■ **DATA PROVIDED**:
┄┄┄┄┄┄
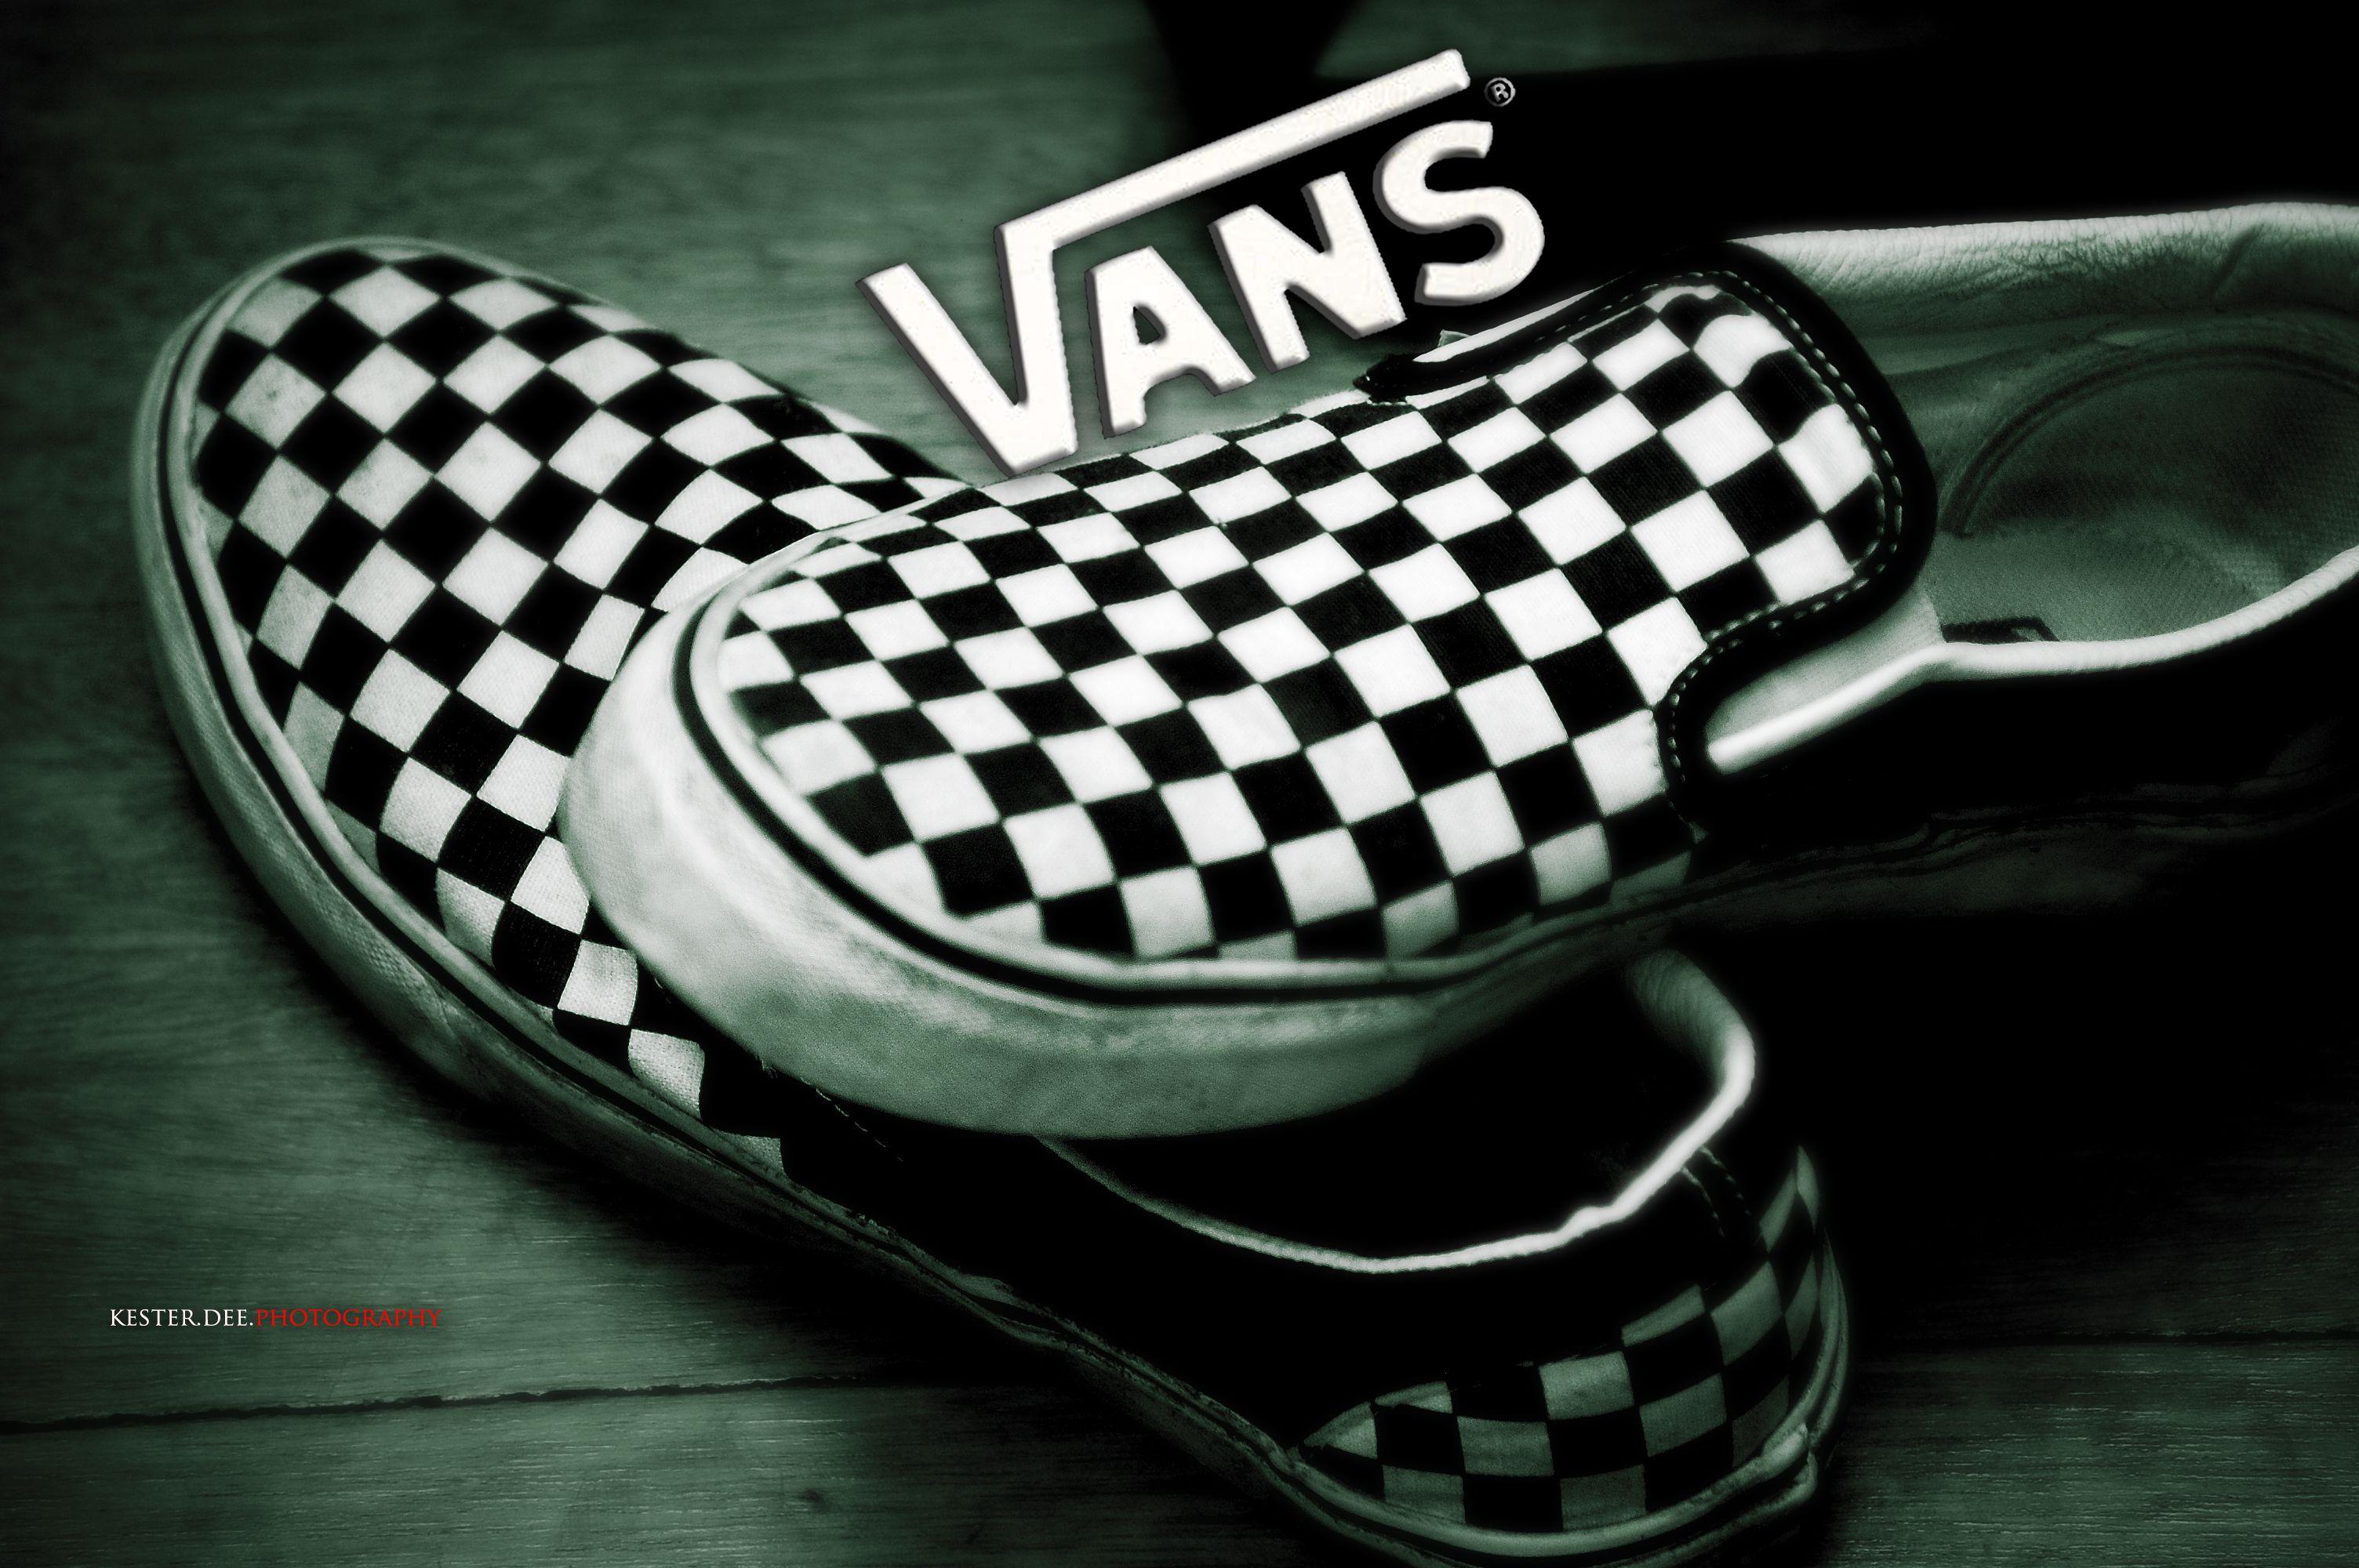 Vans Shoes Wallpaper, 48+ Best & Inspirational High Quality Vans
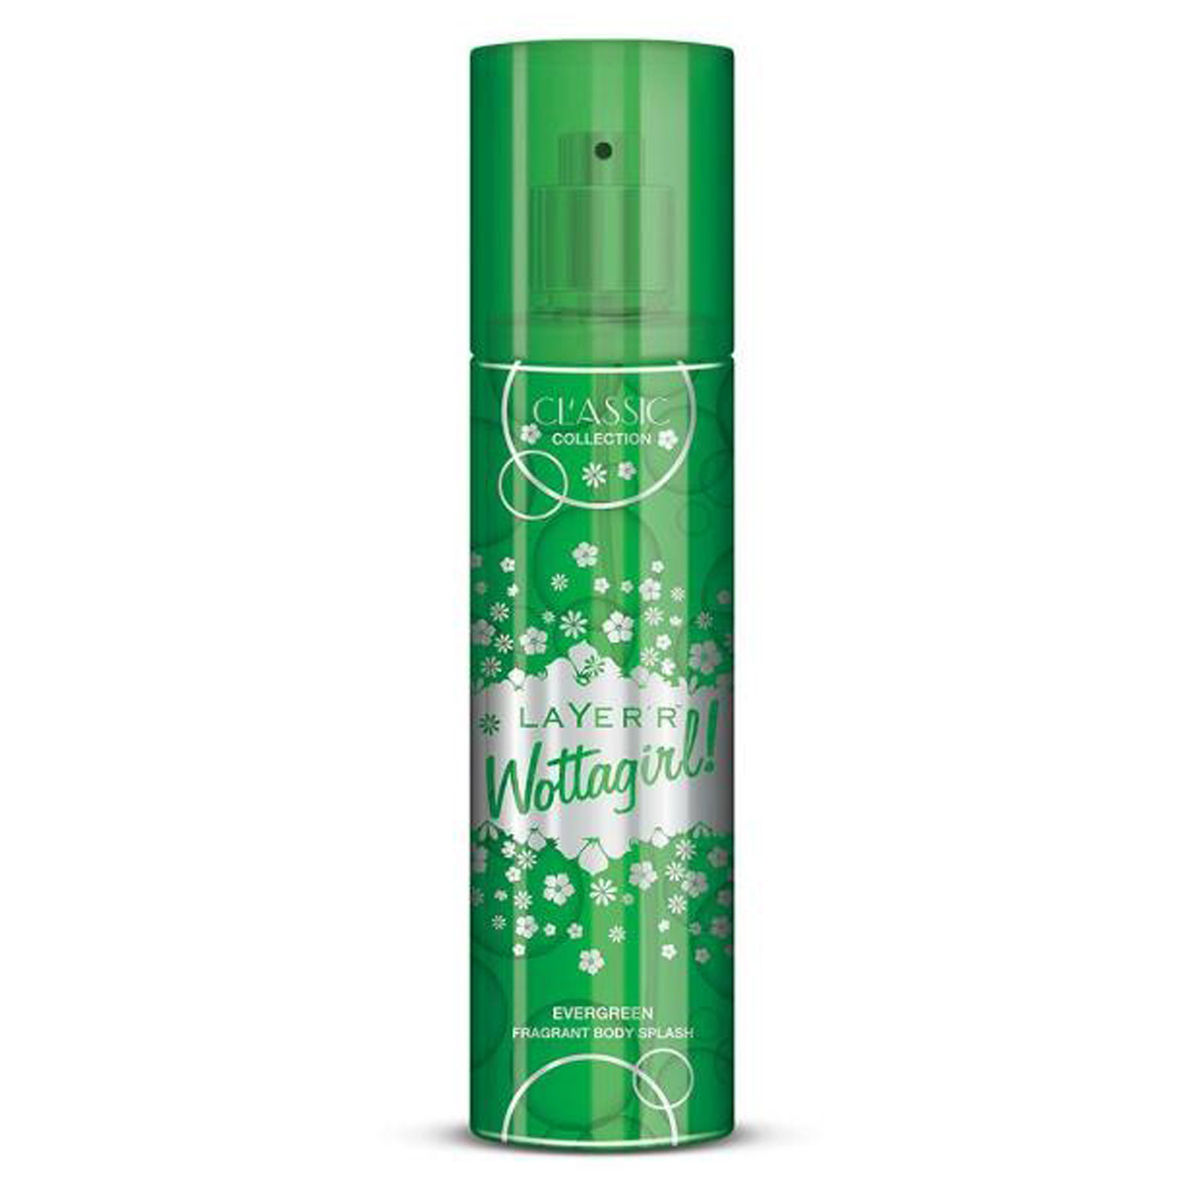 Buy Layer'r Wottagirl Evergreen Fragrant Body Spray, 135 ml Online
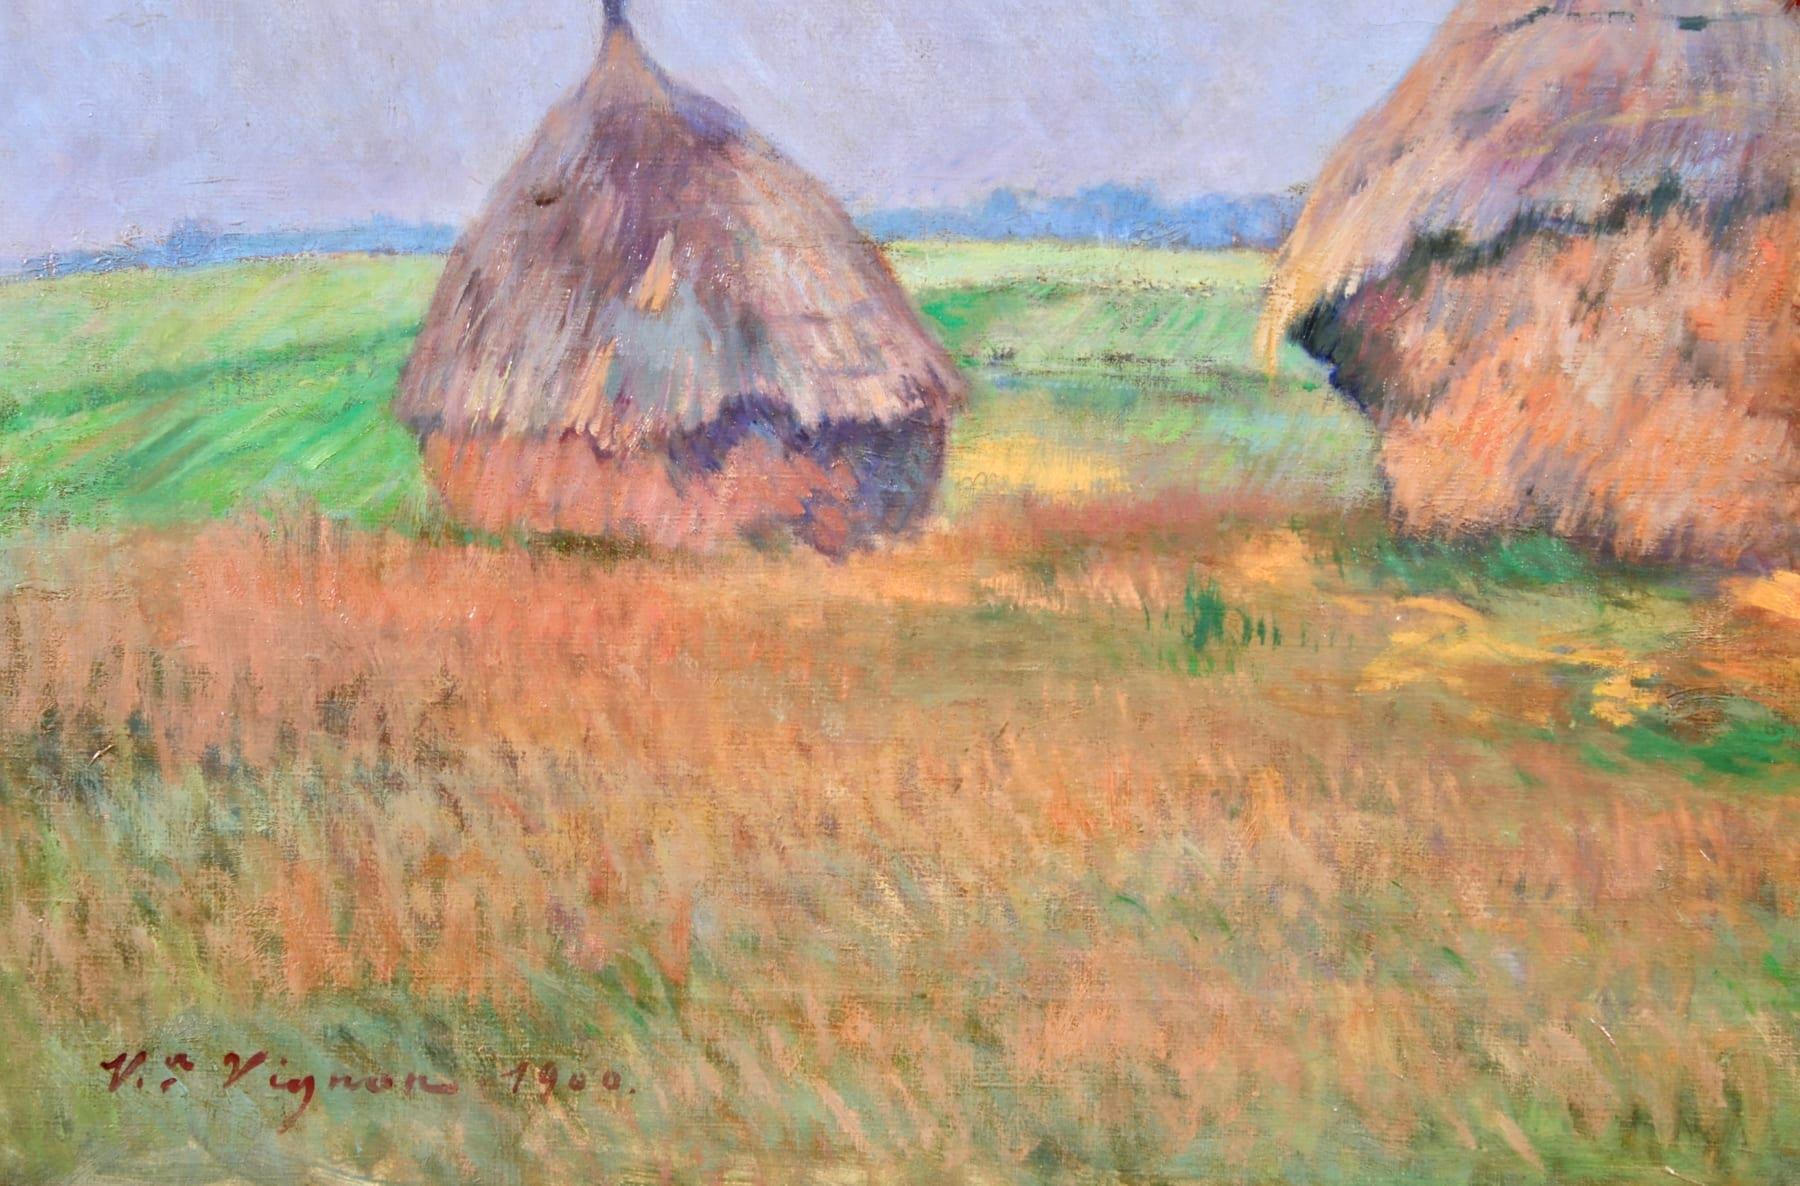 Les Meules - Impressionist Oil, Haystacks in Summer Landscape by Victor Vignon 1
┄┄┄┄┄┄
Pictures aside, reproduce all of the data exactly.

■ **SOLVED EXERCISE**:
 Vans Shoes Wallpaper, 48+ Best & Inspirational High Quality Vans
 Buy Layer'r Wottagirl Evergreen Fragrant Body Spray, 135 ml Online
 Les Meules - Impressionist Oil, Haystacks in Summer Landscape by Victor Vignon 1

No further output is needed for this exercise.